THE DATA:
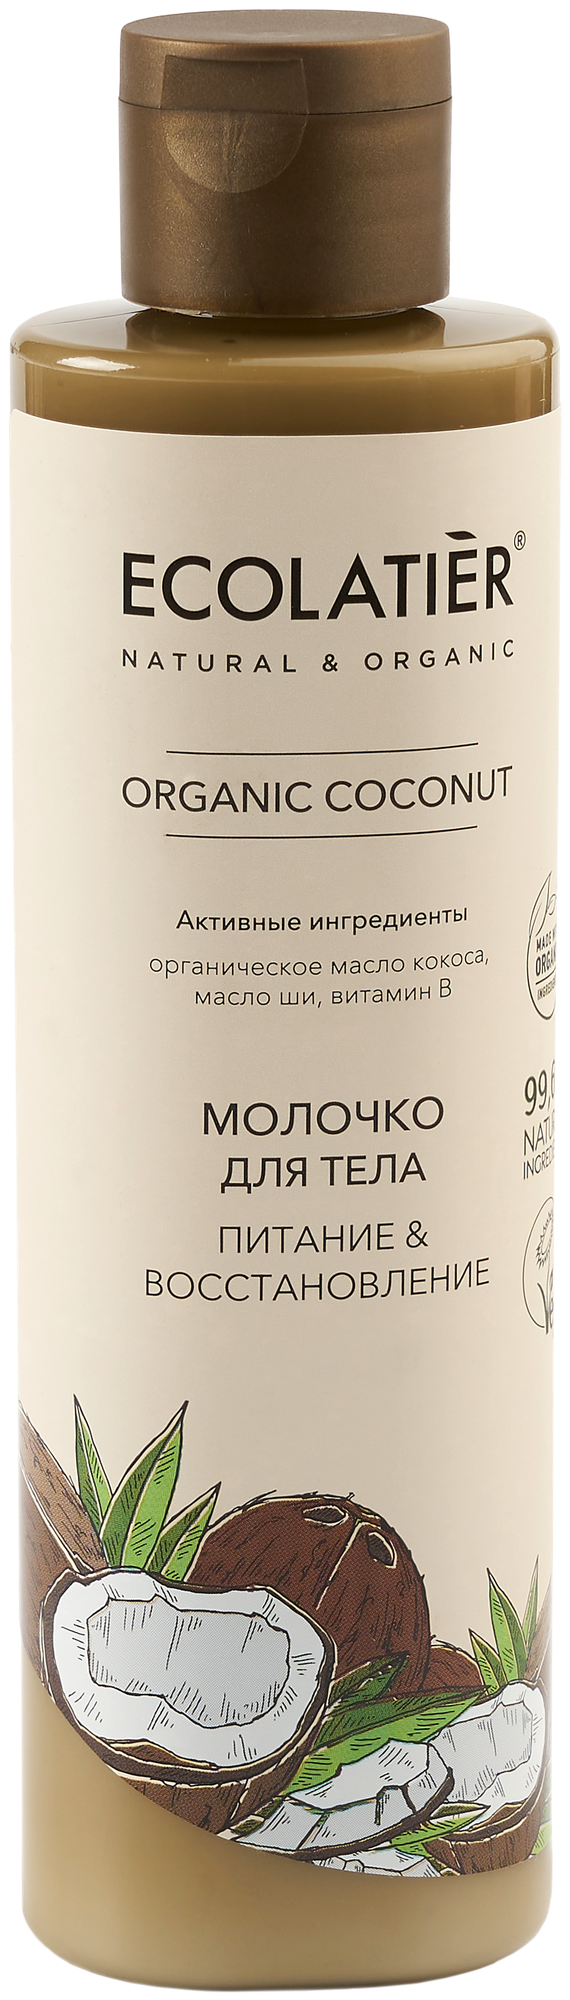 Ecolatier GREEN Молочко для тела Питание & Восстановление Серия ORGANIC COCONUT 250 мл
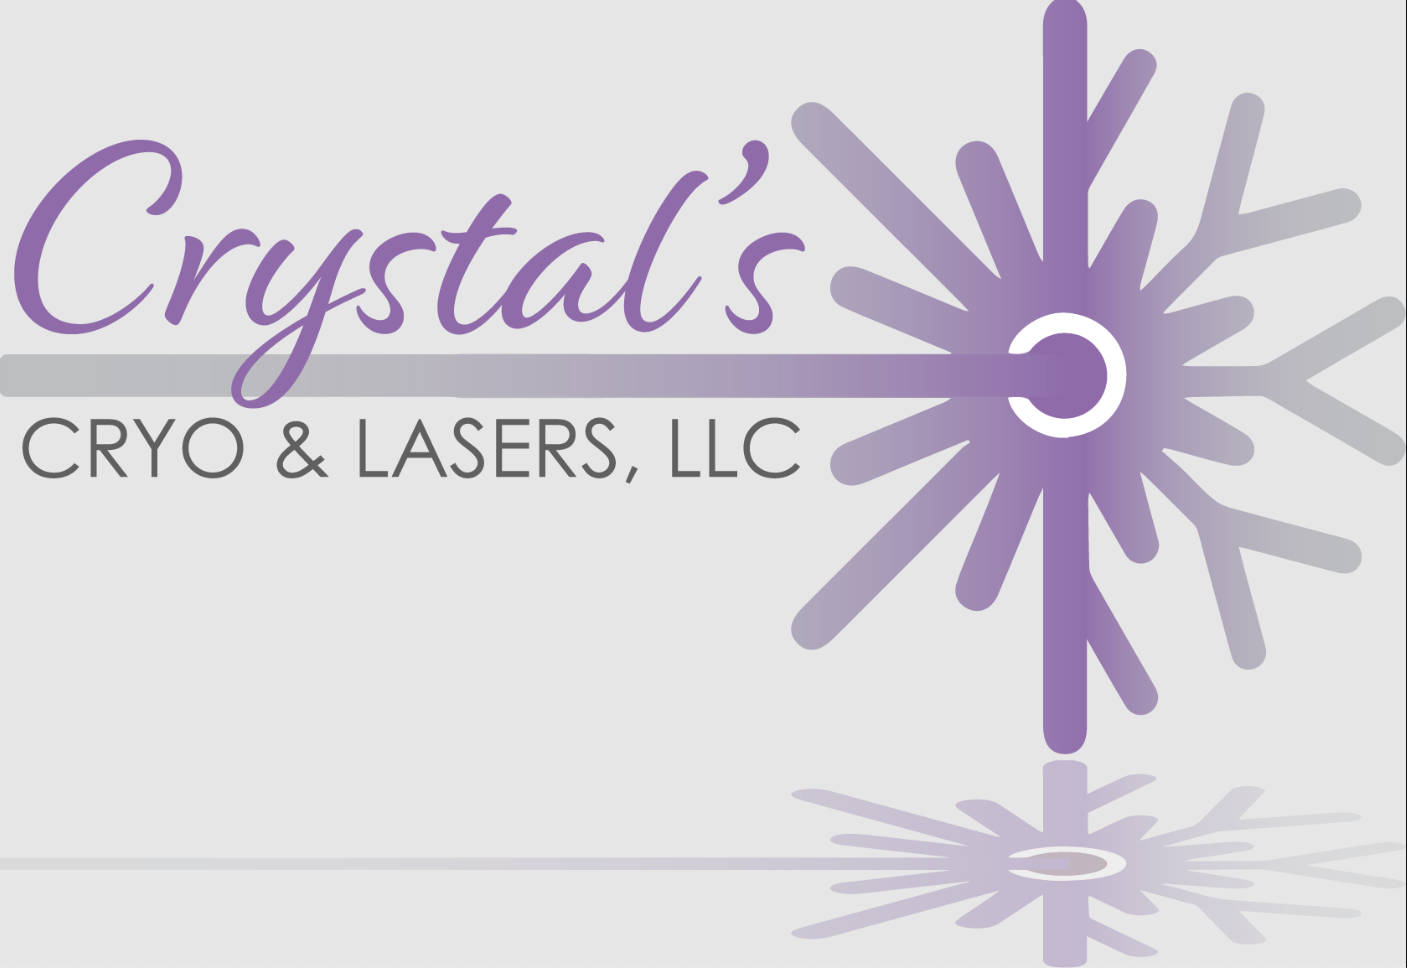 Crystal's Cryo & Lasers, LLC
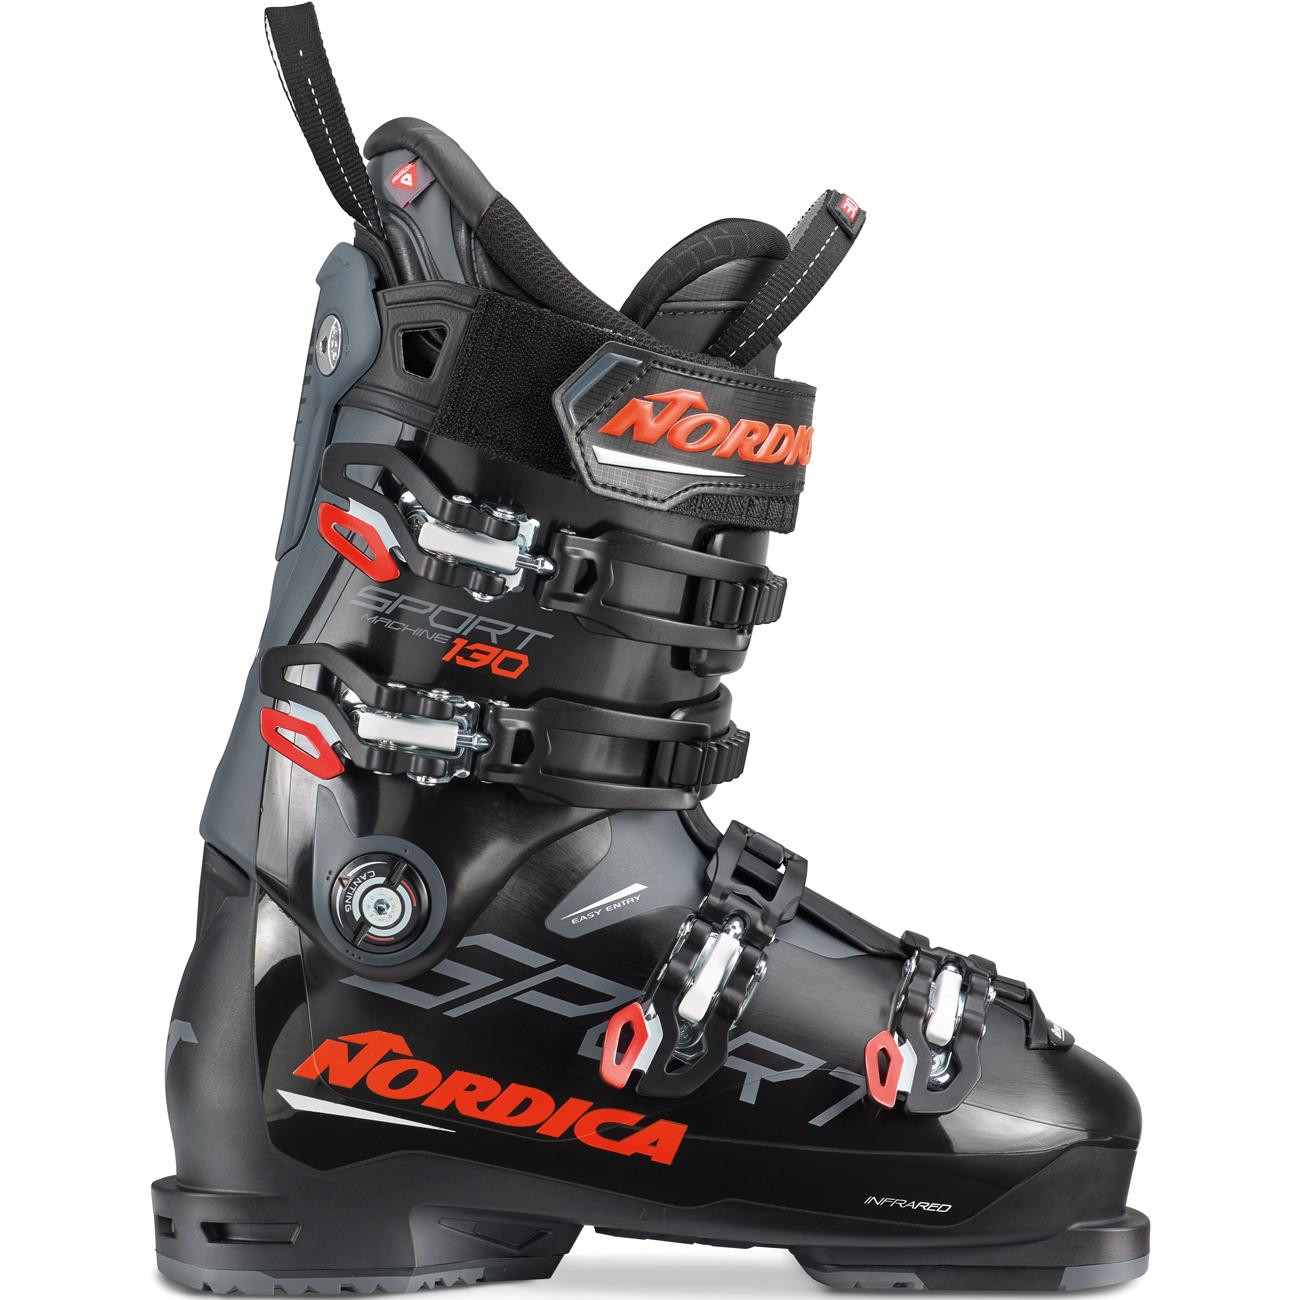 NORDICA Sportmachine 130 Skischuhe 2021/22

ACTIVITY: Copy out the whole listing word for word, except for any picture it includes.

WRITTEN SOLUTION:
 Ecolatier GREEN Молочко для тела Питание & Восстановление Серия ORGANIC COCONUT 250 мл
 Crystal's Cryo & Lasers, LLC
 NORDICA Sportmachine 130 Skischuhe 2021/22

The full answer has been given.